Determinations made in connection with this option pursuant to the Plan shall be governed by the Plan as it exists on the date set forth above. 
 2. Grant as Non-Qualified Option; Other Options. This option shall be treated for federal income tax purposes as a Non-Qualified Stock Option (rather than an incentive stock option). This option is in addition to any other
options heretofore or hereafter granted to the Optionee by the Company. 
 3. Grant Date; Vesting of Option; Term; Exercise.

 a) Grant Date. The Grant Date of this option is [            ].

 b) Vesting. This option shall vest in equal semi-annual installments over the period of three years from the Grant Date, provided
that the Optionee continues to serve the Company in the capacity of an employee, officer, director or consultant (such service is described herein as maintaining or being involved in a “Business Relationship” with the Company).

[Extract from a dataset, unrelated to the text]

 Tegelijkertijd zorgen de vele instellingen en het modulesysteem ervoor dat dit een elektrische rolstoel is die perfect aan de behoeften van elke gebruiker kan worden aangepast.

Accordingly, on and after each semi-annual anniversary of the Grant Date, the Optionee may exercise this option for [            ] shares of Common Stock (plus any installments which have
previously vested). Notwithstanding the foregoing, in accordance with and subject to the provisions of the Plan, the Committee may, in its sole discretion, accelerate the date that any installment of this option becomes vested. The foregoing rights
are cumulative and (subject to subsections (c), (d) and (f) of this Section 3), once vested, may be exercised up to and including the date which is ten years from the Grant Date (the “Expiration Date”). 

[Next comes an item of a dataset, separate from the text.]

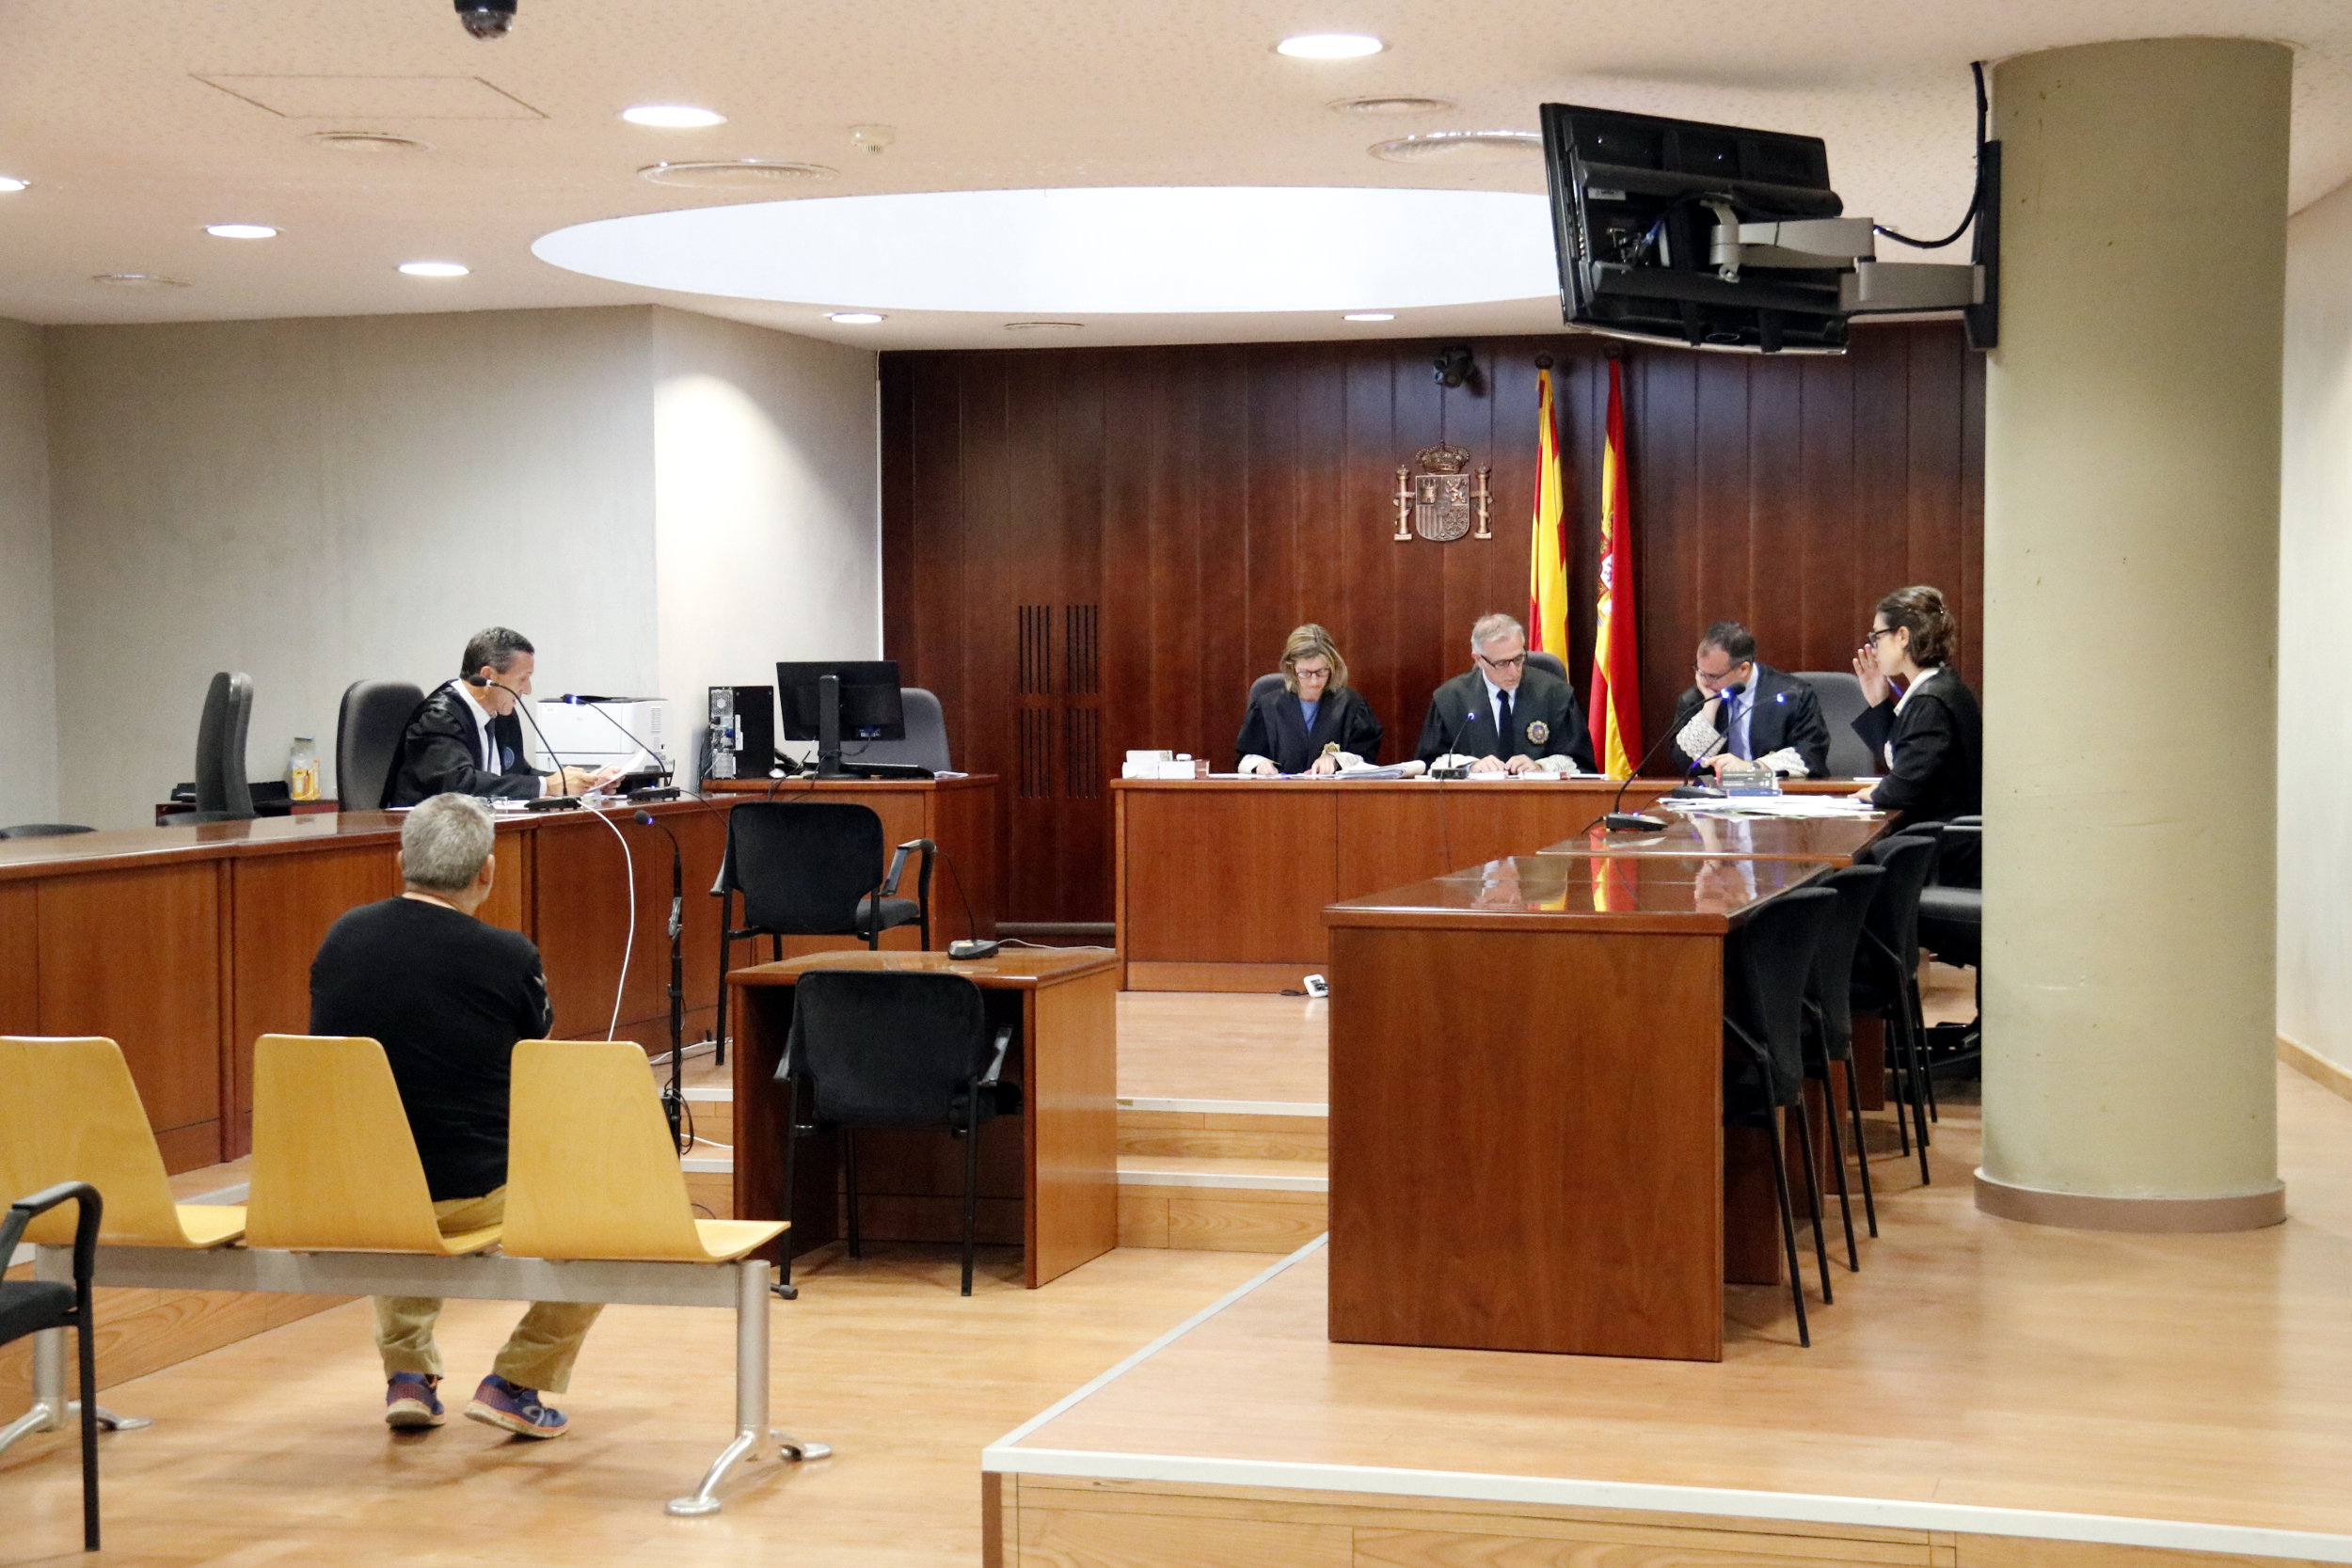 Imatge general del judici a un acusat de violar la filla de la seva cosina. Imatge del 18 de maig de 2017 a l'Audiència de Lleida. (Horitzontal)

 c) Term. The term of the option shall extend from the Grant Date to the Expiration Date (the “Term”). Upon expiration of the Term, the
option shall no longer be exercisable whether or not previously vested. 
 d) Termination of Business Relationship. If the
Optionee’s Business Relationship with the Company is terminated for any reason whatsoever (including by death or disability) prior to the expiration of the Term, no further installments of this option shall become vested. In such a case, the
Optionee’s only rights hereunder shall be to exercise those installments of this option that became vested prior to the termination of Optionee’s Business Relationship with the Company. Optionee (or, in the case of Optionee’s death or
disability, his or her beneficiary, estate or personal representative, as the case may be) shall be allowed to exercise any vested portion of the option for ninety (90) days following the date of the 

 
termination, but not to exceed the expiration of the Term. Any installments of this option which have not become vested on or before the date of the
termination of Optionee’s Business Relationship with the Company shall be forfeited and cancelled and the Optionee shall not be entitled to any benefit in lieu thereof. 

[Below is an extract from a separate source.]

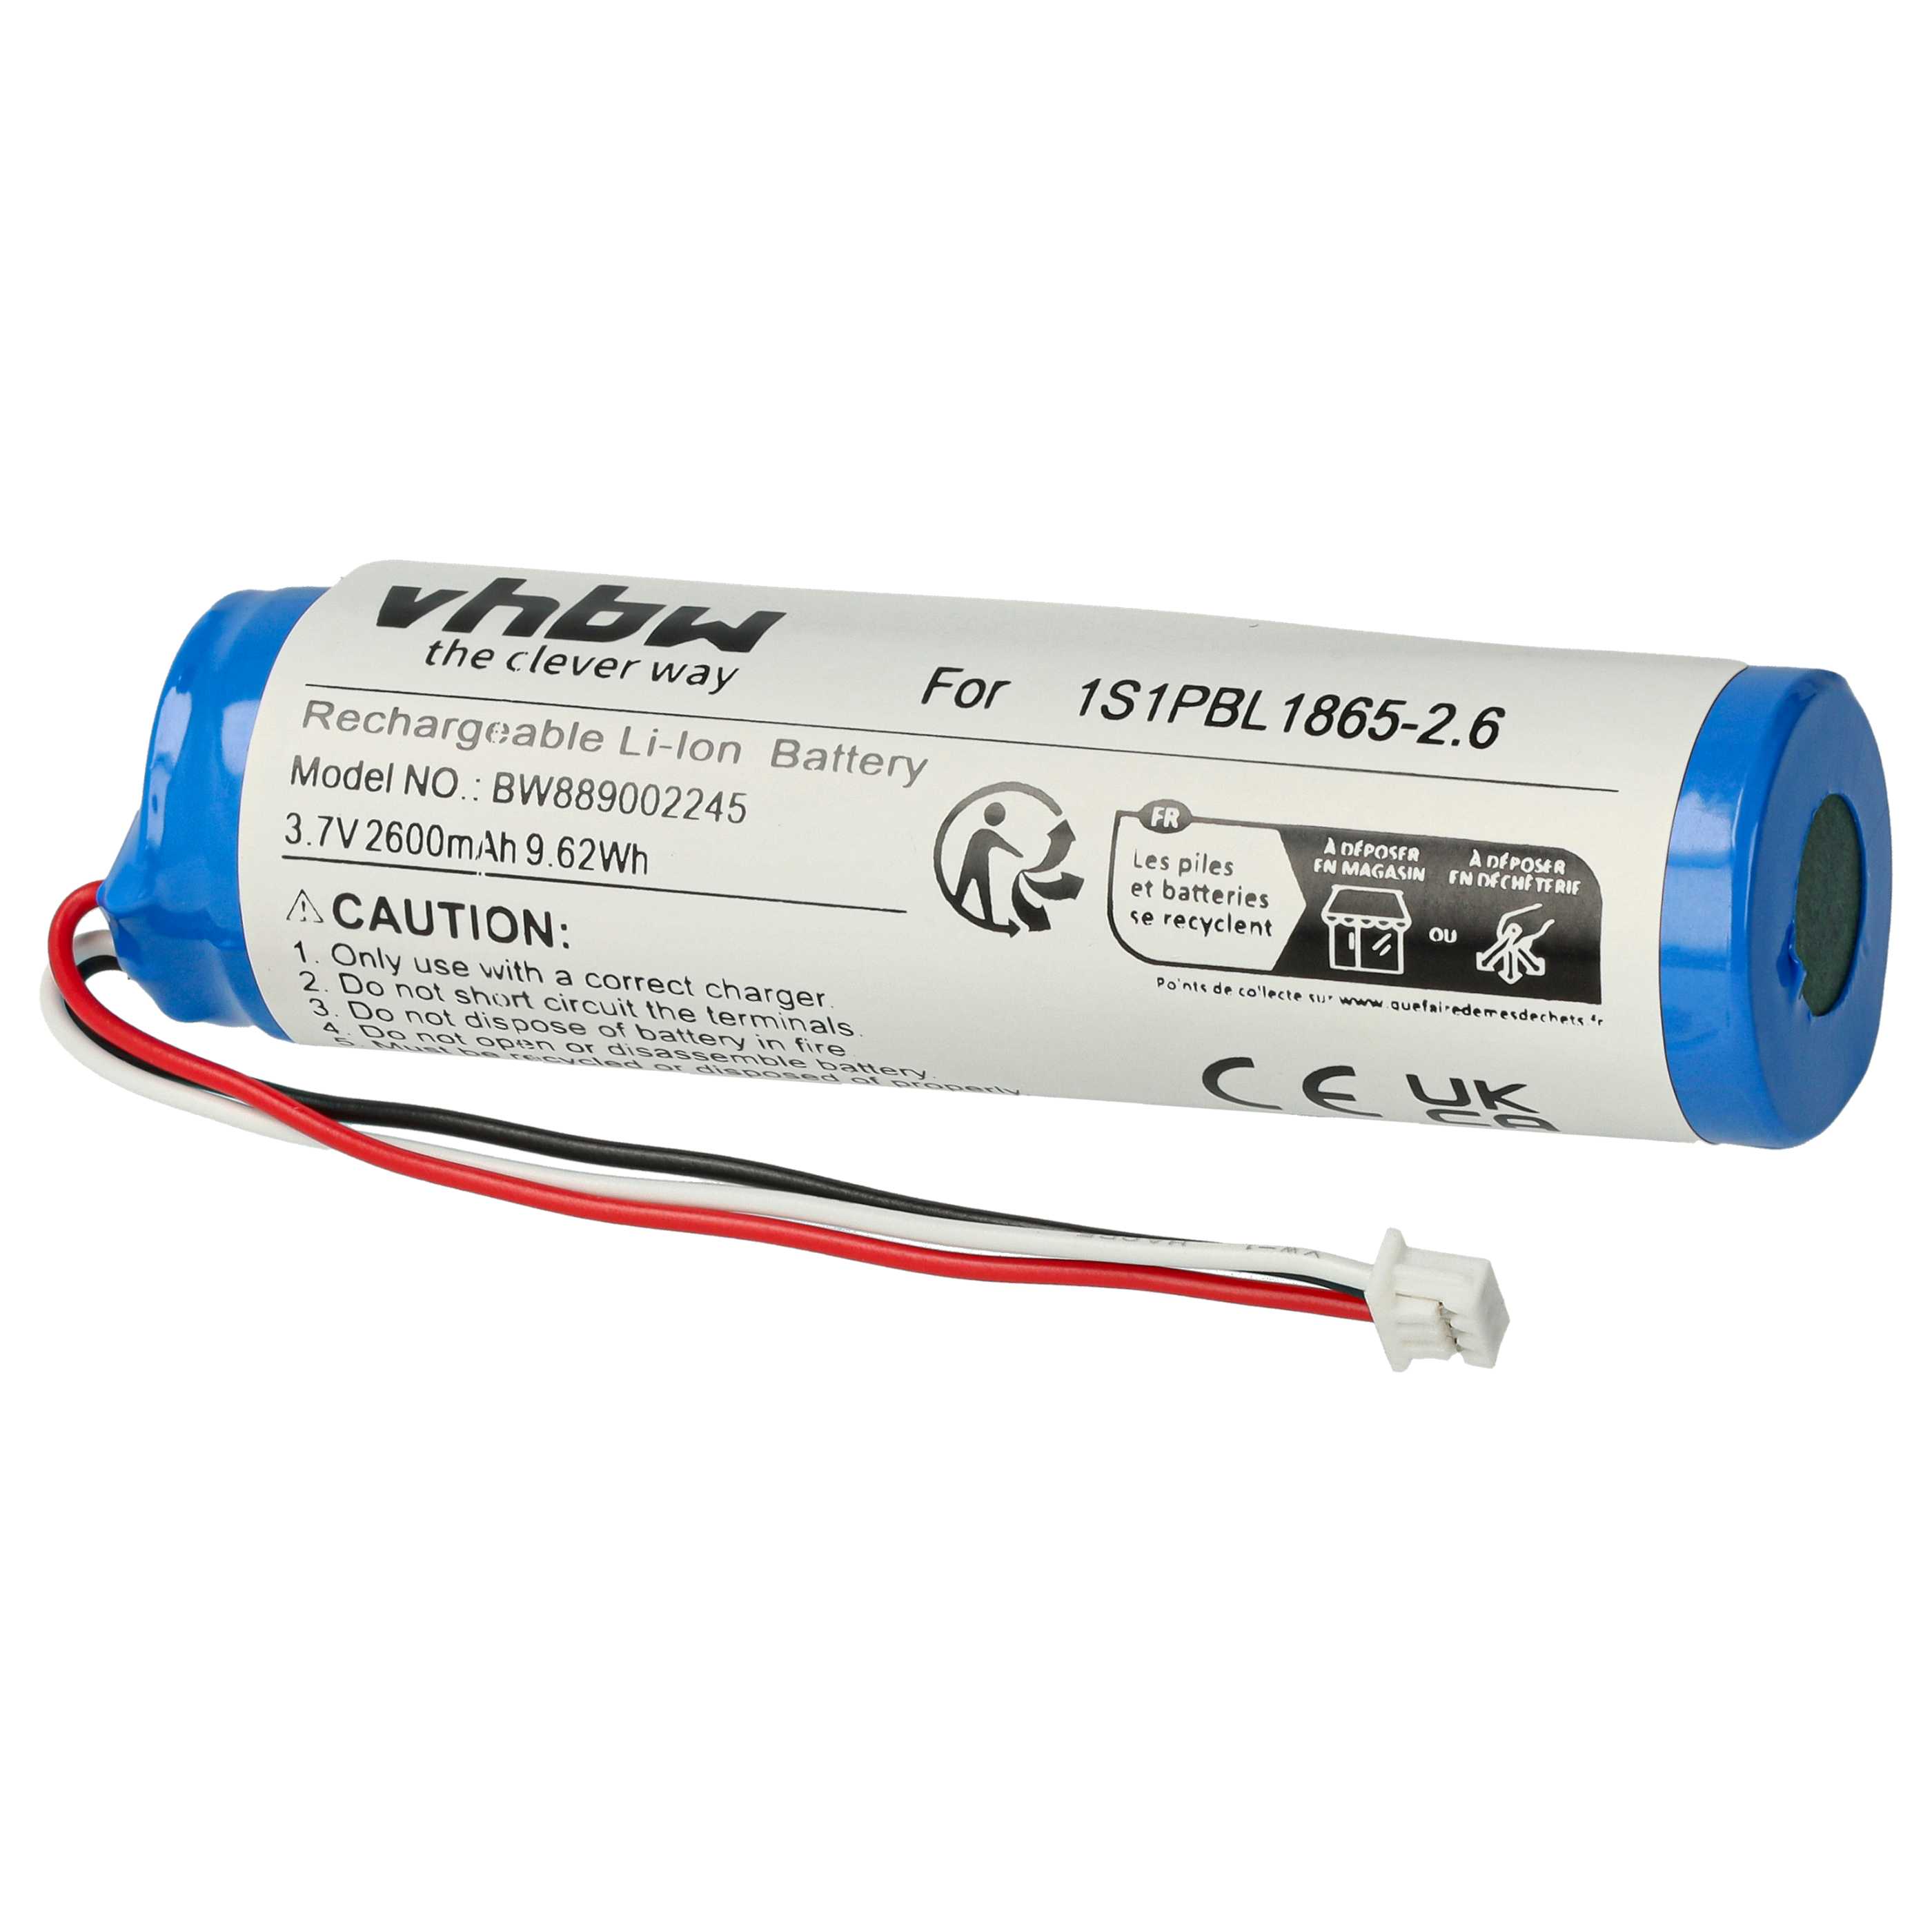 Batterie remplace Philips 1S1PBL1865-2.6 pour moniteur bébé - 2600mAh 3,7V Li-ion

 e) Method of Exercising Option. Subject to the terms and conditions of this Agreement, this option shall be exercised by written notice to the
Company, at the principal executive office of the Company, or to such transfer agent as the Company shall designate. Such notice shall state the election to exercise this option and the number of Option Shares for which it is being exercised and
shall be signed by the Optionee (or, in the case of Optionee’s death or disability, his or her beneficiary, executor or personal representative). Such notice shall be accompanied by payment of the full purchase price of such shares.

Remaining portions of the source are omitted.